For me, it required showing up, every week and giving my trust to someone else. My stresses and drama, conflicts, and abuses are no more interesting or thought provoking than yours, so I won’t go into them here. The result, though, is important. Giving my trust to someone else was one of the hardest things I’ve ever done, along with accepting help from someone else, accepting that I needed help from someone else and that she was well-educated and capable of giving it, and accepting that the kindness she shows me is because she is kind, and because she thinks I deserve it, because I’m human, because…because she can. No ulterior motive here. No reason to use me, suborn me, or turn me to her own ends. She’s a therapist, and a good one.

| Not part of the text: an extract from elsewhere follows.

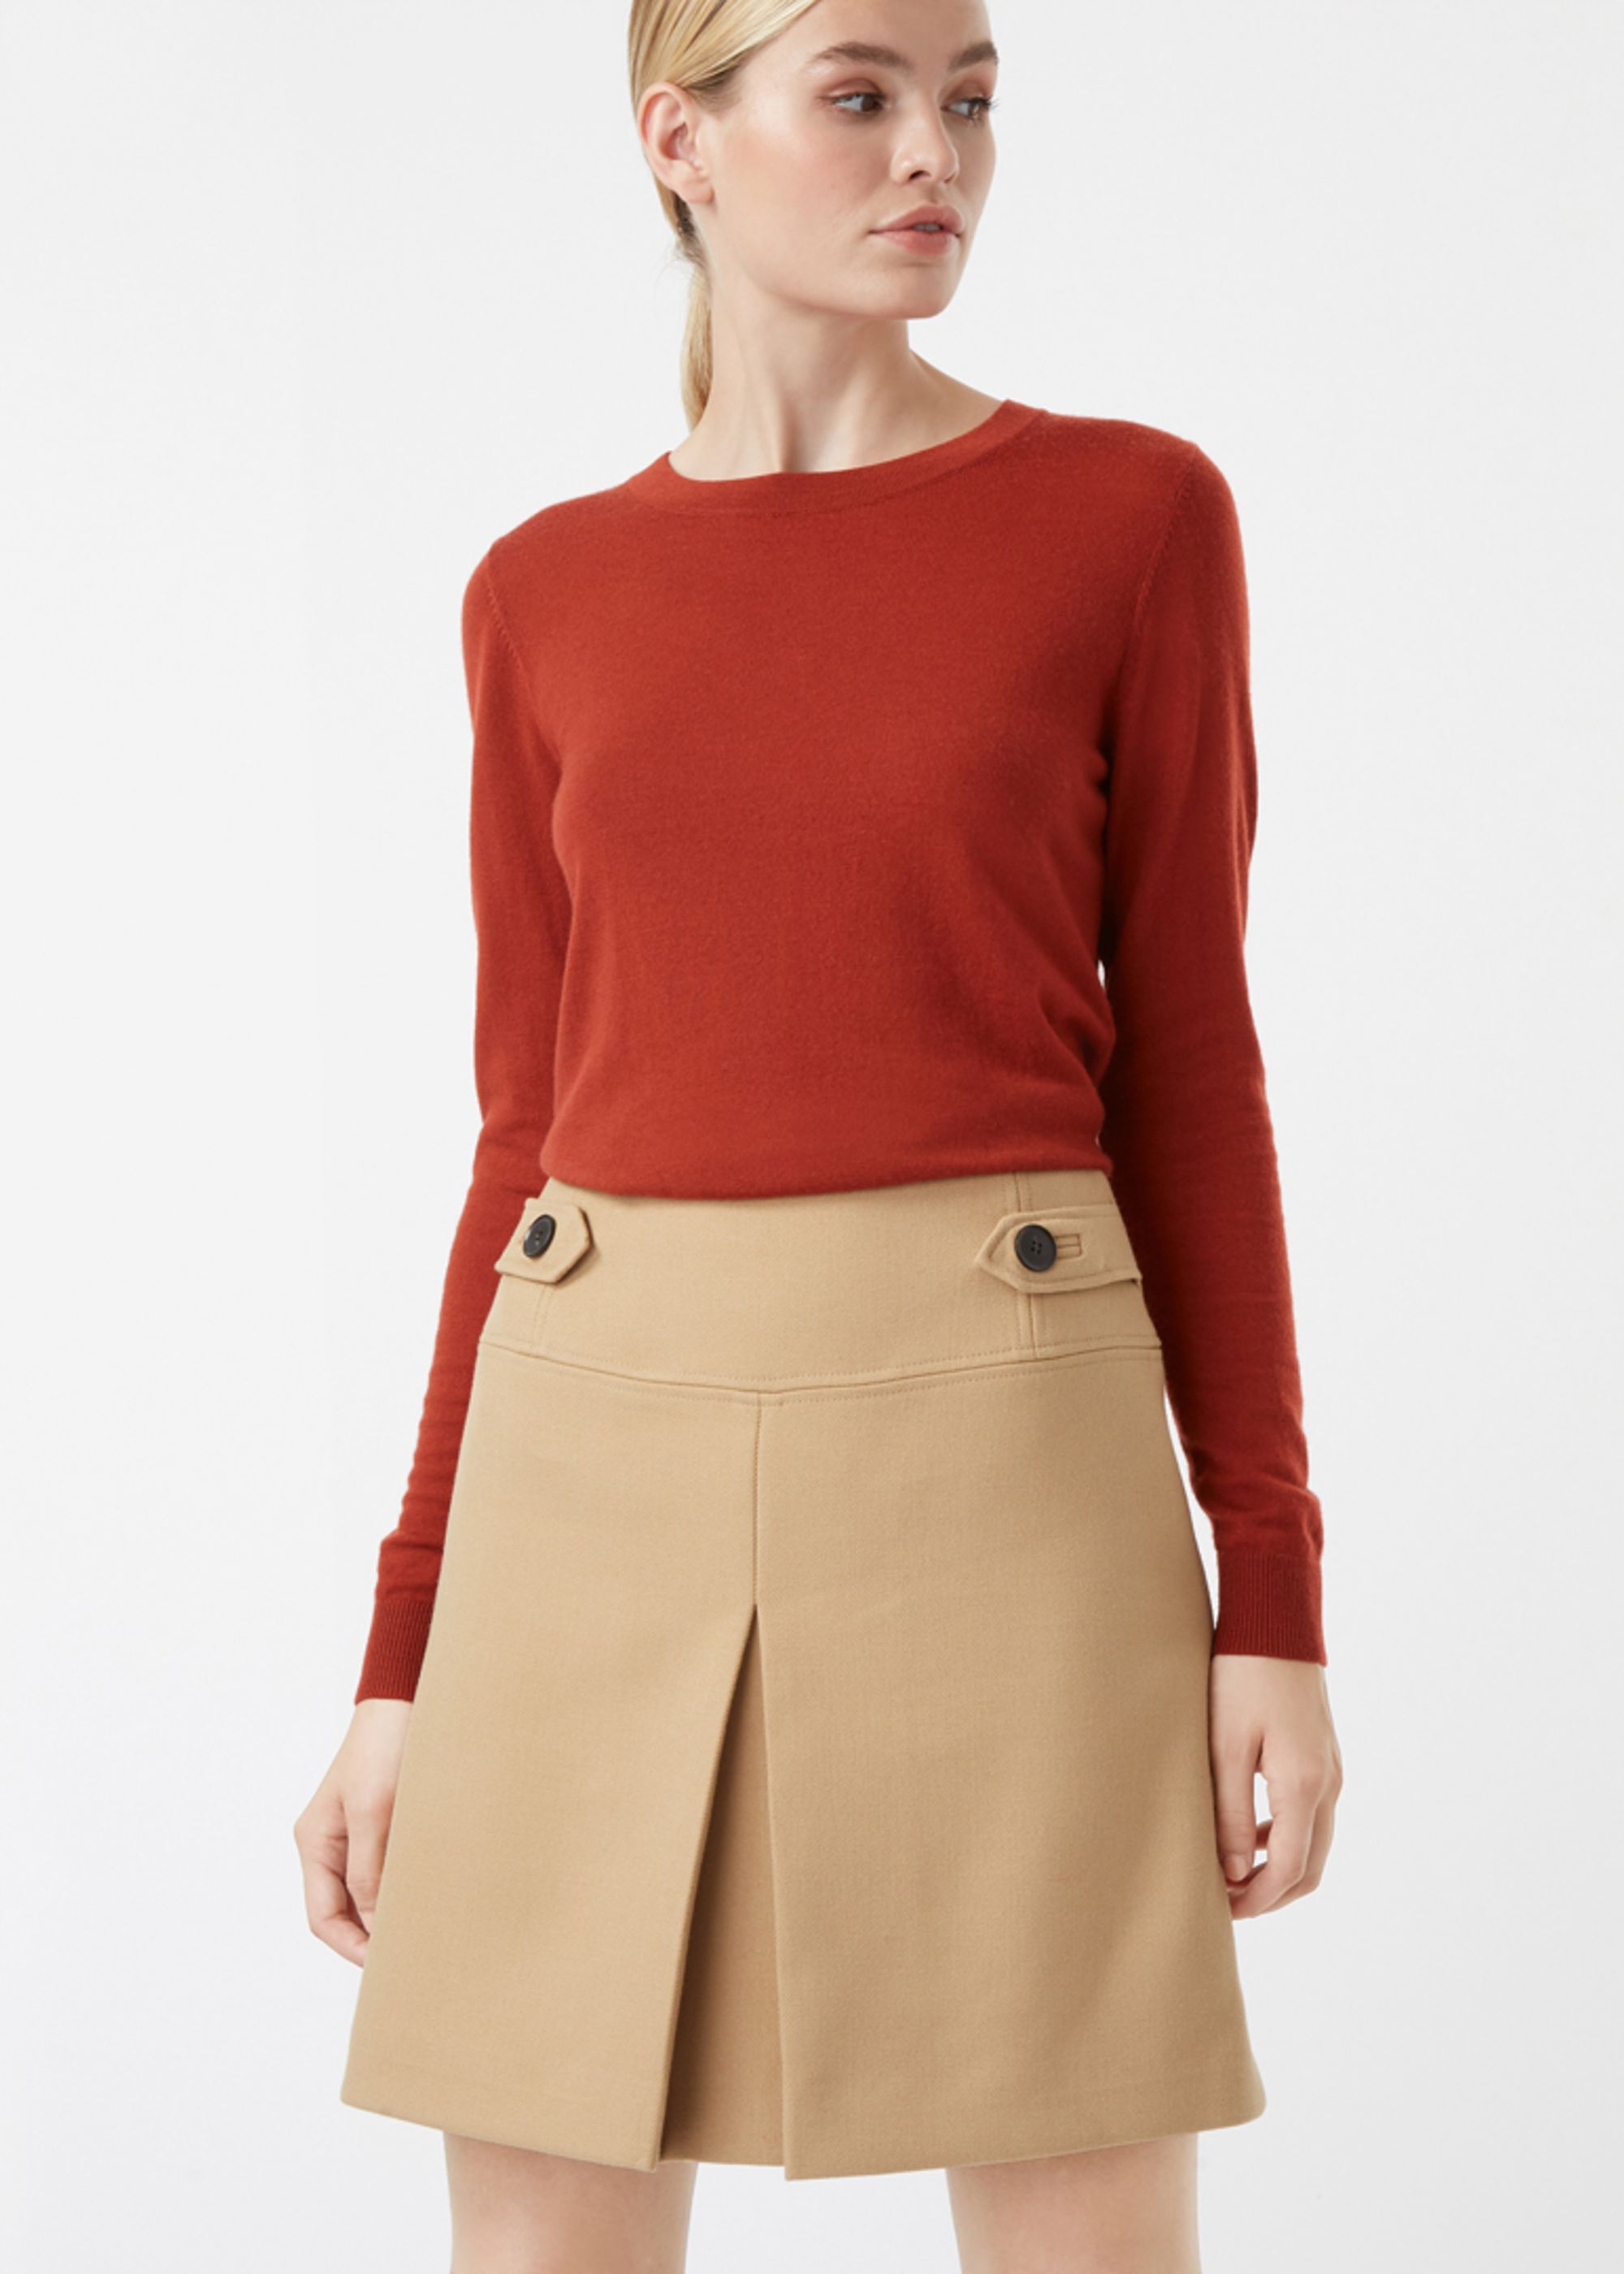 Hobbs Lynette Skirt Short A-Line | eBay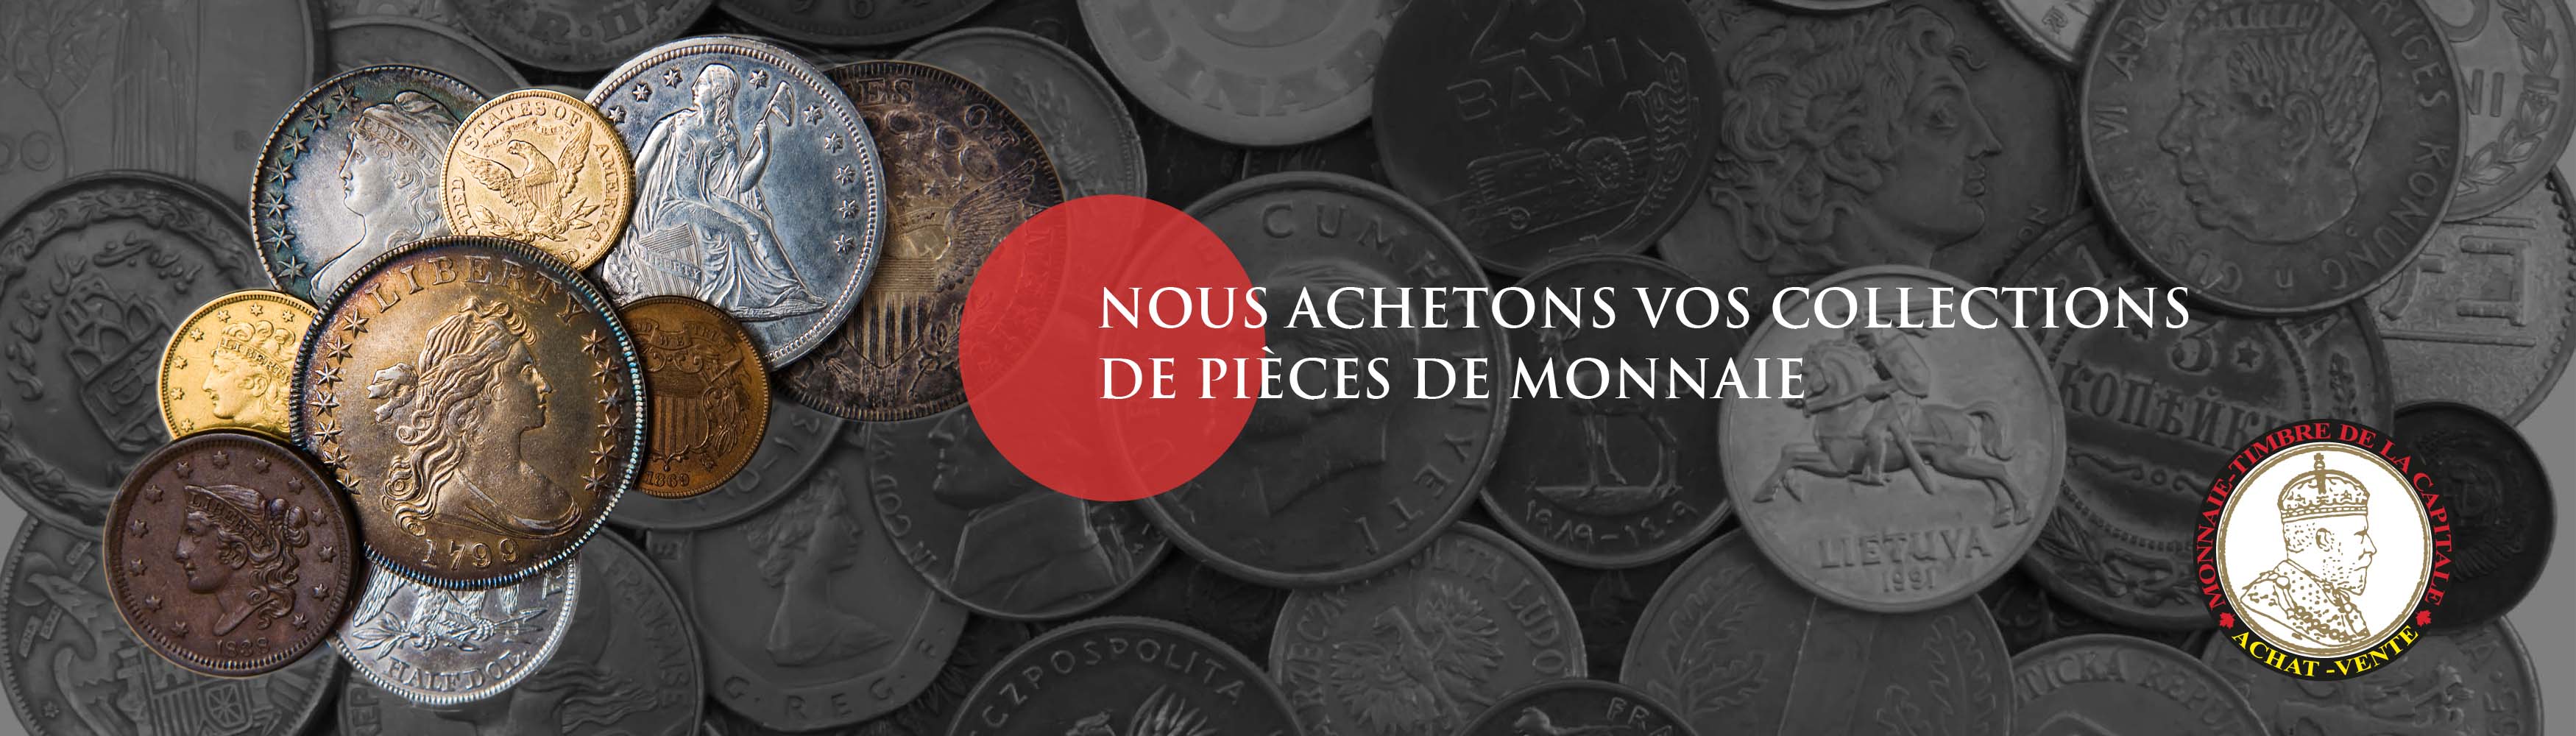 Achat d'or, bijoux, métaux précieux et collections de monnaie | Meilleur prix à Québec. Achat de diamants, montres Rolex et monnaie royale

Finding deliberate, thoughtful kindness odd isn’t so strange, I don’t think. Realizing that my foundations are stronger because of it, and because I’m willing to show up every week, to do the work every day, to refuse to be minimized, or victimized, or invisible because I suffer from mental illness, those are odd – for me, anyway, and maybe for you. But May is Mental Health Awareness Month, so if you wonder if
your foundations could be made a little stronger with help, or you’re aware that you are at the peak of mental health yourself, I hope you’ll take the time to be deliberately, thoughtfully kind to yourself and others who may be struggling with their mental health, and maybe look around and see if there is anything you can do, even talking about it at work, or home, or at church, to support the struggle that we face every day, to reach the height of mental health and stay there, balancing at the top.